H.R. 162 - Mental Health and Substance Abuse Parity Amendments of 2001 - Introduced by Rep. Marge Roukema (R-NJ) on January 3, 2001, H.R. 162 is identical to legislation sponsored in the 106th Congress by the Representative. The bill would amend the Public Health Service Act, Employee Retirement Income Security Act of 1974, and the Internal Revenue Code of 1986 to prohibit group and individual health plans from imposing treatment limitations or financial requirements on the coverage of mental health benefits and on the coverage of substance abuse and chemical dependency benefits if similar limitations or requirements are not imposed on medical and surgical benefits. H.R. 162 has been referred to the House Education and the Workforce, the House Energy and Commerce, and the House Ways and Means committees. It currently has 91 co-sponsors (79 Democrats, 11 Republicans, and 1 Independent).
H.R. 1167 - Comprehensive Tuberculosis Elimination Act of 2001 - A bill to amend the Public Health Service Act with respect to making progress toward the goal of eliminating tuberculosis, was introduced by Rep. Sherrod Brown (D-OH). H.R. 1167 was referred to the Committee on Energy and Commerce.
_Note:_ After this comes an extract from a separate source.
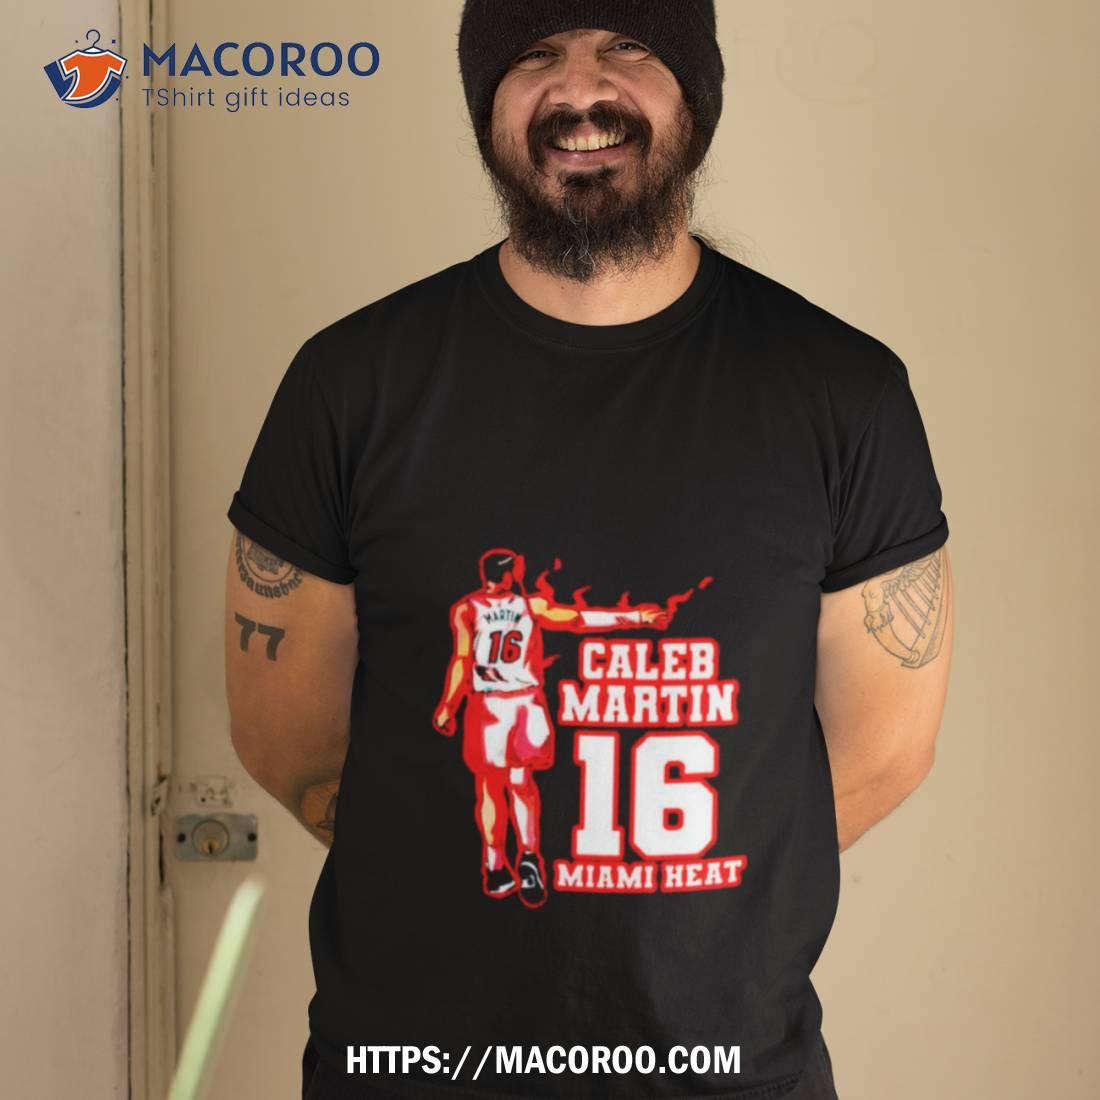 Caleb Martin Miami Heat Shirt - Bring Your Ideas, Thoughts And

H.R. 1185 - Global Access to HIV/AIDS Medicines Act of 2001 - A bill to prohibit the revocation or revision of any intellectual property or competition law or policy of a developing country that regulates HIV/AIDS pharmaceuticals or medical technologies. Introduced March 22, 2001 by Rep. Barbara Lee (D-CA), H.R. 1185 was referred to Energy and Commerce and Judiciary Committees.
H.R. 1194 - Harold Hughes-Bill Emerson Substance Abuse Treatment Parity Act of 2001 - Introduced March 22, 2001 by Rep. Ramstad (R-MN). A bill to amend the Employee Retirement Income Security Act of 1974, Public Health Service Act, and the Internal Revenue Code of 1986 to provide parity with respect to substance abuse treatment benefits under group health plans and health insurance coverage. H.R. 1194 was referred to the Committee on Education and the Workforce, House Energy and Commerce, House Ways and Means.
H.R. 1260 - Ban on Human Cloning Act - On March 28, 2001, Rep. Kerns (R-IN) introduced H.R. 1260, which was referred to the Judiciary Committee.
H.R. 1340 - Biomedical Research Assistance Voluntary Option Act - On April 3, 2001, Rep. Bilirakis (R-FL) introduced H.R. 1340, a bill to amend the IRS Code of 1986 to allow taxpayers to designate that part or all of any income tax refund be paid over for use in biomedical research conducted through NIH. H.R. 1340 was referred to the Committees on Ways and Means and Energy and Commerce.
H.R. 1454 - A bill to prohibit the importation of bidi cigarettes - On April 4, 2001, Rep. Gallegly (R-CA) introduced H.R. 1454. The bill cites the economic and health related reasons for the legislation. For example, it states that 430,000 people die every year from tobacco use; medical expenses from treating smoking-related diseases cost the U.S. economy $89,000,000,000 annually; studies indicate that bidi cigarettes manufactured with flavors, such as strawberry, chocolate, and mandarin orange, are more likely to induce children to smoke; and that bidi cigarettes are more likely to be sold illegally to youth and without required warning labels; because of similar appearance to marijuana cigarettes, bidi cigarettes are considered to be a more likely "gateway drug", and could lead to more children using illegal drugs; and bidi cigarettes generally deliver 3 to 8 times more nicotine, 3 times more carbon monoxide and 5 times more tar, as well as higher levels of phenol, ammonia, nitrosamines, and hydrogen cyanide, than conventional U.S. filtered cigarettes. H.R. 1454 was referred to the Committee on Ways and Means.